Süt ve süt ürünleri tüketemeyen ya da tercih etmeyen tüketici grupları için ise, doldurma alternatifi vegan ürünler diğer kategorilerde olduğu gibi bu kategoride de oldukça büyüyen bir pazara sahiptir. Tüketicilerin bir kısmının bitkisel kaynaklı ürünlerin daha sağlıklı algısına sahip olması bu pazardaki yenilikçi tatların artmasını da teşvik etmektedir. Badem ve hindistan cevizi sütünün kullanıldığı ürünler bu grubun önde gelen çeşitleri arasındadır. Fındık yağı ve kakao ile de zenginleştirilmiş çeşitler tüketicilere hayvansal kaynak içermeyen alternatifler sunmaktadır.
Ayrıca iş ve gündelik hayatın yoğun sürecinde “hareket halinde tüketime uygun” küçük porsiyonlu ürünlerin de pazardaki payı artmaktadır.
Trendler arasındaki bir diğer başlığımız “uluslararası lezzetleri keşfetmek”. Lezzet faktörü her zaman için tüketicinin tercihini etkileyen en önemli faktörlerden biridir. Büyük markalar, tüketicide heyecan yaratmak için, formüllerinde bölgesel hammaddelerin kullanıldığı otantik lezzetler oluşturmaktadırlar. Örneğin Ortadoğu için oldukça önemli bir konumda olan deve sütü, dondurma formülünde kullanılmış, bölgesel bir nitelik taşırken aynı zamanda da bağışıklığı güçlendirici vurgusu ile de tüketicinin ilgisini çekmeyi başarmıştır.

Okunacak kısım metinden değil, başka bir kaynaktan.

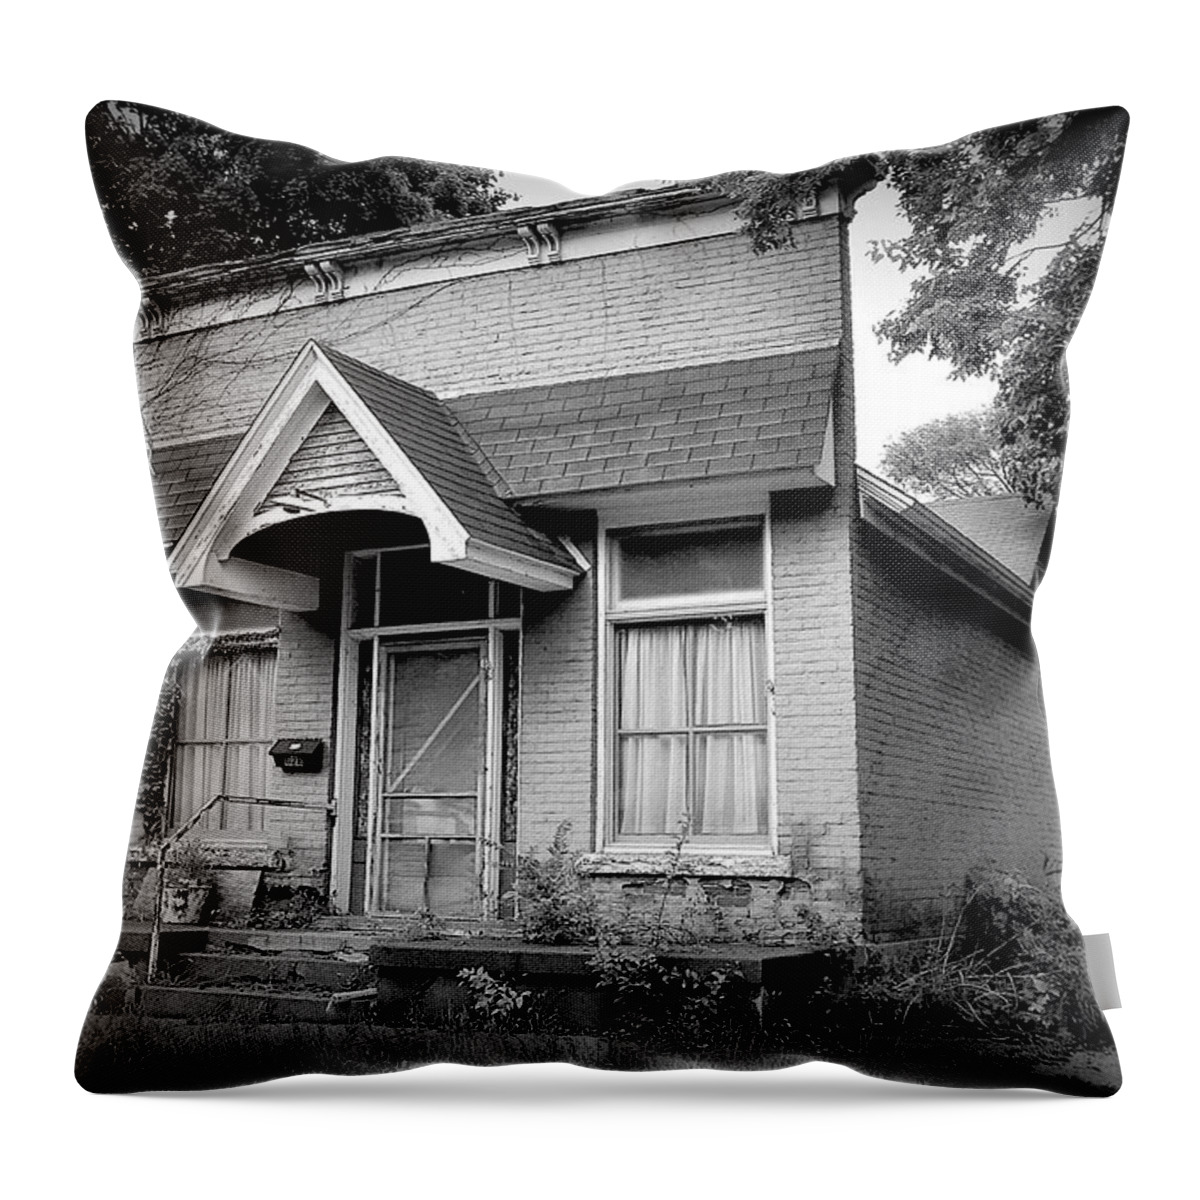 Black And White Throw Pillow featuring the photograph Store Front Home by Wild Thing

“Karmaşık olmayan içerikler” ise yine üretici firmalar tarafından yenilikçi bir kategori olarak sunulmuştur. Tüketici, tercih edeceği bir ürünün içeriğinde mümkün olduğu kadar az ve aynı zamanda da bilindik hammaddeler görmek istemektedir. Bu yalın içerik, tüketiciler gözünde masum ürün algısını oluşturmaktadır.

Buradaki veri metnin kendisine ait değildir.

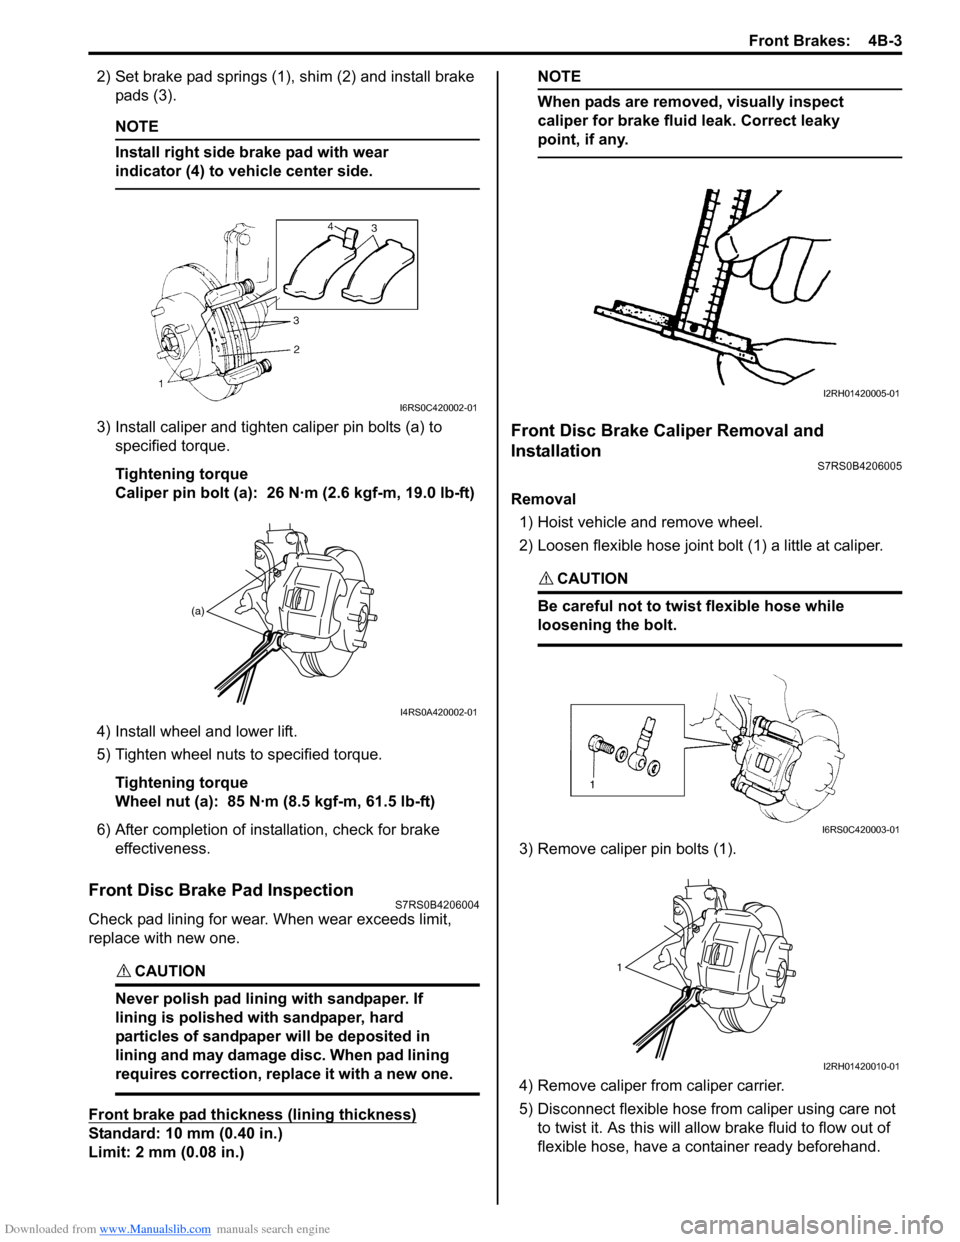 SUZUKI SWIFT 2006 2.G Service Workshop Manual Downloaded from www.Manualslib.com manuals search engine Front Brakes:  4B-3
2) Set brake pad springs (1), shim (2) and install brake pads (3).
NOTE
Install right side brake pad with wear 
indicator (

Tüm bu yaklaşımların yanında, oldukça artan sosyal medya kullanımı da trendlerde belirleyici bir faktör haline gelmeye başlamıştır. Tüketiciler görsel anlamda farklı renklerde, ilgi çekici bir forma getirilmiş ürünü tercih ederek, sosyal medyada paylaşım yapmak için isteklidir. Özellikle genç tüketici kitlesinde, görselliğin tüketim tercihinde büyük bir etken olduğu araştırmalarda belirtilmiştir. Üretici firmalar sosyal medyanın bu güçlü paylaşım ayağını kullanmak için de birbirinden farklı ve dikkat çekici tasarımlar ile raflarda yerini almaktadırlar.
Trendlere genel olarak baktığımızda ise, öne çıkan tat ve aromaların başında her zaman olduğu gibi yine çikolata ve çikolatanın yaban mersini, fındık ve vanilya ile kombinlerini görmekteyiz. Aynı zamanda haşhaş gibi bitkisel tohum içeren ürünler de görsel olarak ve ürünün tadında fark yaratmaktadır.